Washington's poodle
Chilcot Report on Iraq War Offers Devastating Critique of Tony Blair
By STEVEN ERLANGER and STEPHEN CASTLENew York Times, JULY 6, 2016
LONDON — Prime Minister Tony Blair of Britain went to war alongside the United States in Iraq in 2003 on the basis of flawed intelligence that went unchallenged, a shaky legal rationale, inadequate preparation and exaggerated public statements, an independent inquiry into the war concluded in a report published on Wednesday.
The long-awaited report by the Iraq Inquiry Committee, led by John Chilcot, takes up 12 volumes covering 2.6 million words, four times longer than “War and Peace,” and took seven years to complete, longer than Britain’s combat operations in Iraq. It concluded that Mr. Blair and the British government underestimated the difficulties and consequences of the war and overestimated the influence he would have over President George W. Bush.
The result amounts to a broad indictment of Britain’s involvement in the Iraq war that overthrew Saddam Hussein and its aftermath, and it portrays Mr. Blair as trying without success to restrain Mr. Bush, to push him to obtain full United Nations Security Council authorization and to warn about the difficulties of the war — and deciding to go to war alongside Washington nonetheless.

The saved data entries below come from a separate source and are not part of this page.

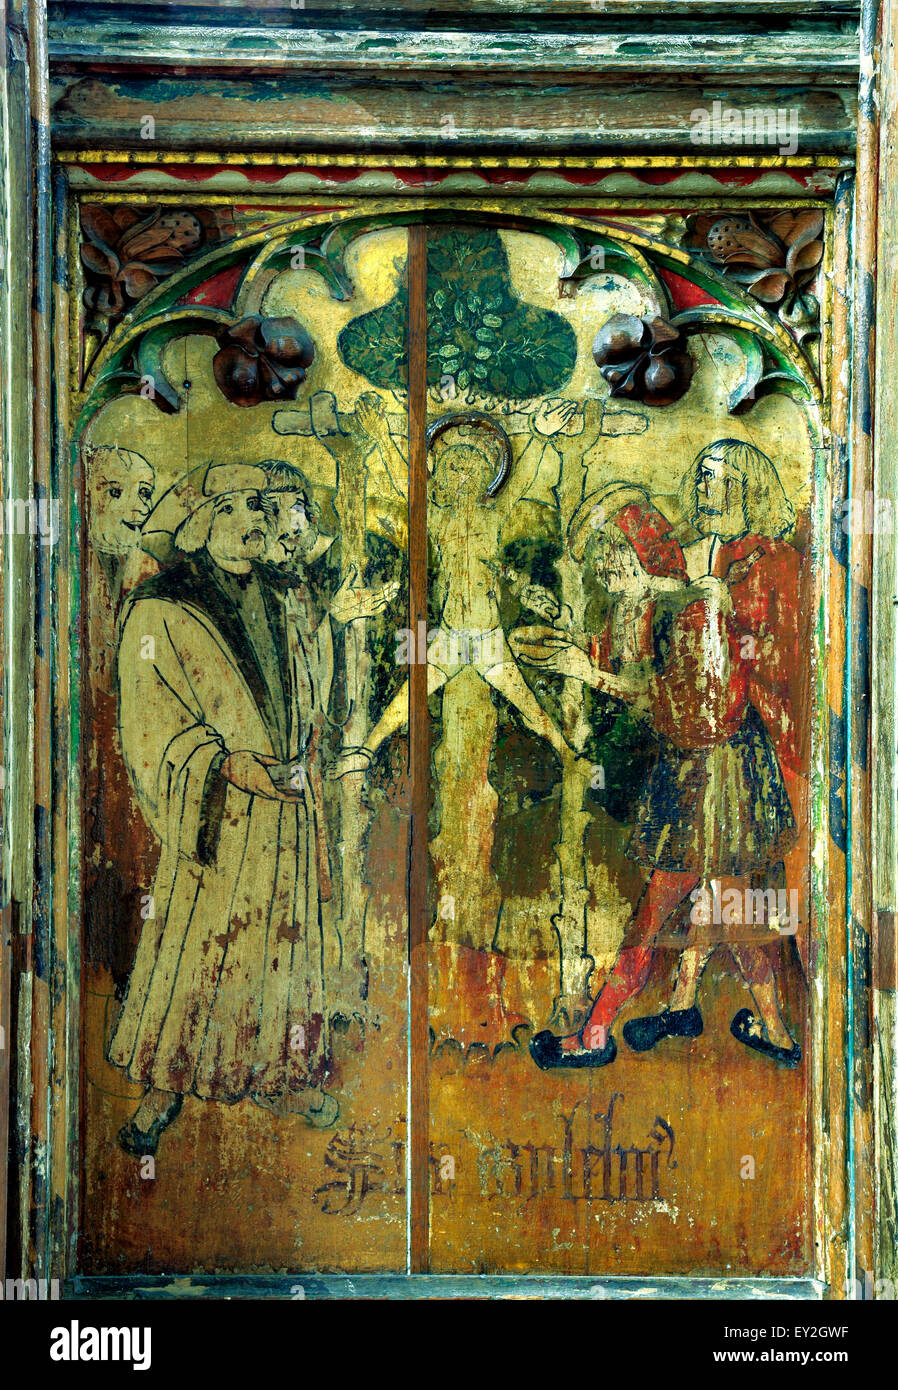 St. William von Norwich, mittelalterliche Malerei Loddon, Norfolk, England UK Gemälde mittelalterlichen Heiligen Heiligen Lettner Stockfoto
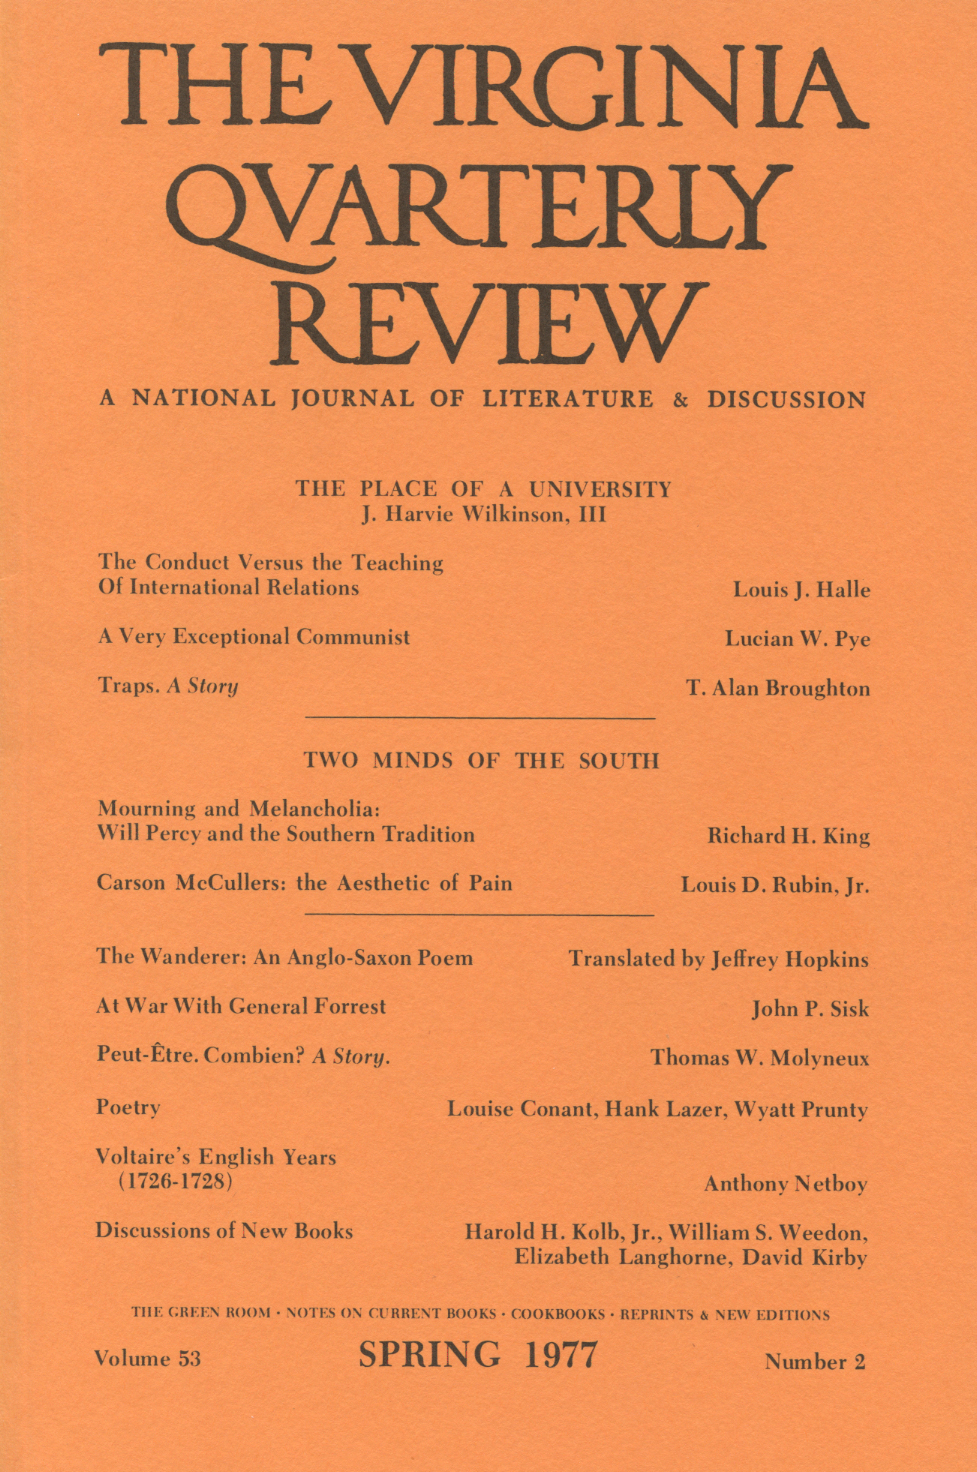 Virginia Quarterly Review, Spring 1977 cover
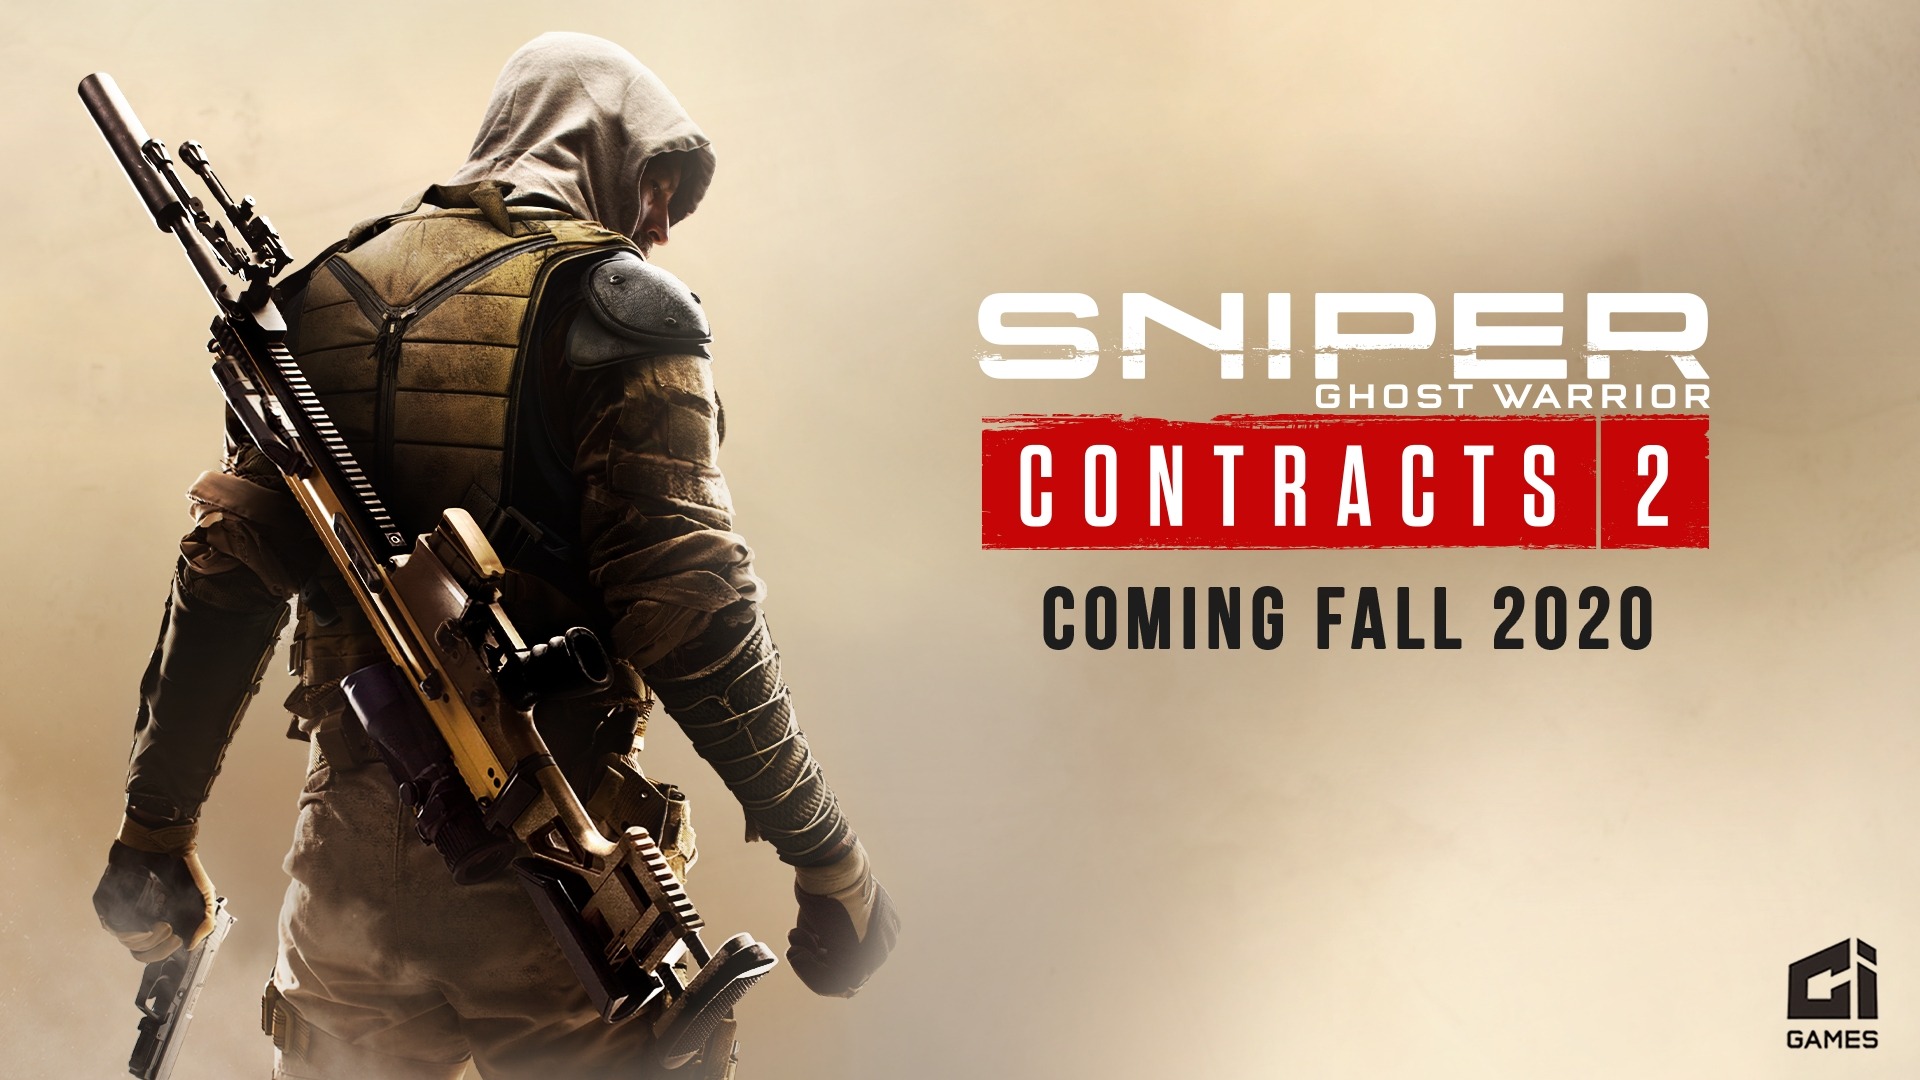 狙撃fps新シリーズ続編 Sniper Ghost Warrior Contracts 2 Pc Ps4 Xb1向けに海外で今秋発売 Game Spark 国内 海外ゲーム情報サイト

Judging that Britain should stand by the United States, Mr. Blair told Mr. Bush in a private note as early as July 28, 2002, “I will be with you, whatever.” Mr. Blair knew by January 2003 that Washington had decided to go to war to overthrow Mr. Hussein and accepted the American timetable for the military action by mid-March, pushing only for a second Security Council resolution that never came, “undermining the Security Council’s authority,” the report concludes.